Earlier this year, he visited the Afghanistan-Pakistan border. Dicks is a senior Democrat on the House defense appropriations subcommittee and is recognized as one of the most knowledgeable House members on security issues.

Dicks and Smith said they expect additional votes on emergency war funding.

“The only way to stop (the war) is to cut funding, and that is a blunt instrument,” Dicks said. Rather than using spending bills, Congress needs to pass an authorizing measure changing the course of the war, he said.

Smith said he supported providing only $50 billion in so-called bridge funding because of the necessity of trying to “implement the policy you want.

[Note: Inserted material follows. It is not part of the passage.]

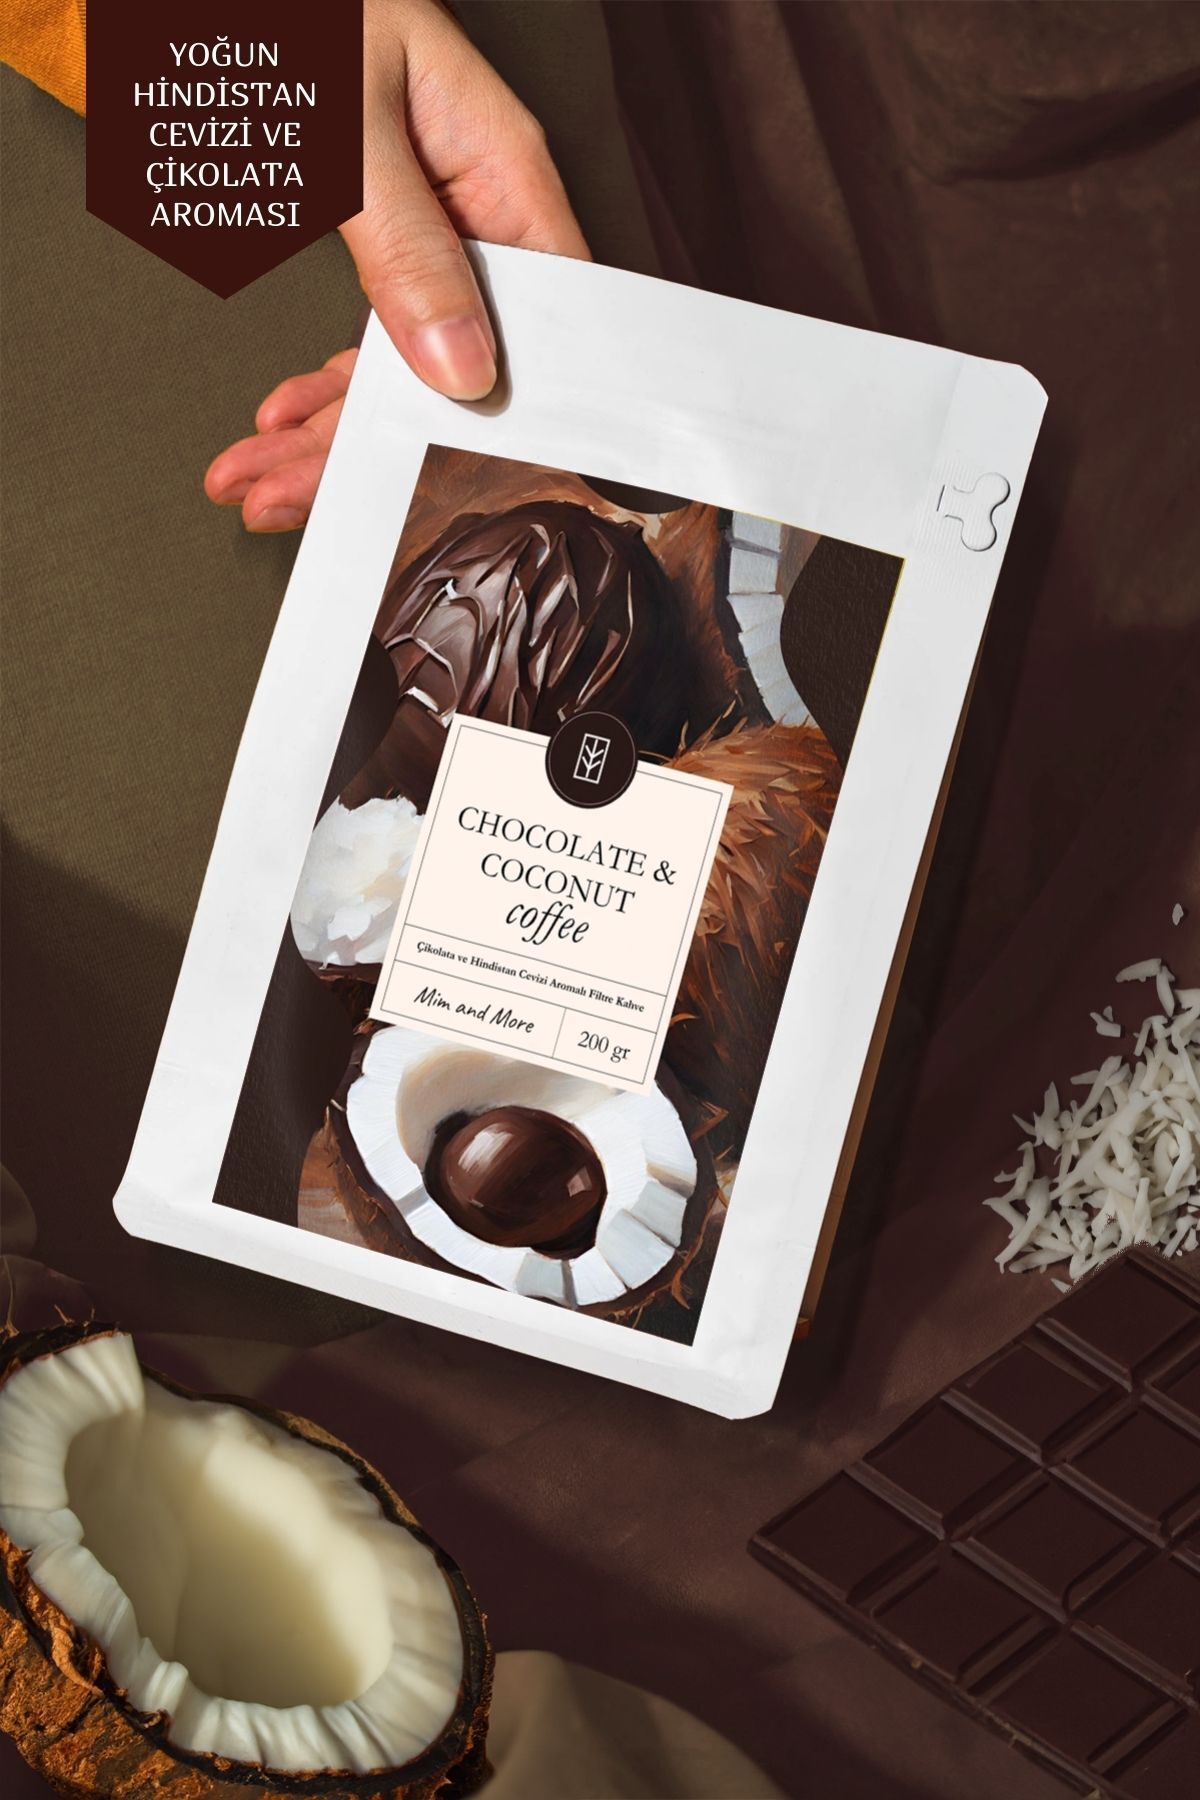 Mim and More Chocolate & Coconut Coffee Çikolata ve Hindistan Cevizi Parçacık Aromalı Kahve Filtre Kahve 200 Gr

But I am not one of those people who say they will never provide the money.”

Democrats have failed in their efforts to end the war because they simply don’t have the votes in Congress, both lawmakers said.

“The reality is, everything we have tried to do the president has vetoed or threatened to veto,” Dicks said. “We don’t have the votes.”

In Iraq, Smith met with Gen. David Petraeus, who commands U.S. and multinational forces, and with Special Operations units, which his subcommittee oversees.

Smith said there were two reasons for the improved security atmosphere in Iraq: Al-Qaida has lost the support of local people, and U.S. commanders started working with the militias and tribes.

“Was the surge a success? I don’t know,” Smith said. “Did we need an additional 30,000 troops? I don’t know.”

Smith said the current administration plan is to start withdrawing the U.S. troops committed in the surge. “But their plan is to keep the pre-surge level of 130,000 troops indefinitely,” he said.

Meanwhile, al-Qaida has begun to re-emerge in other global hot spots, and the United States doesn’t have the forces to deal with them, Smith said.

“We are putting all our eggs in one basket, Iraq. And al-Qaida has a free hand,” he said. “If we lose Afghanistan and Pakistan, what have we accomplished in Iraq?”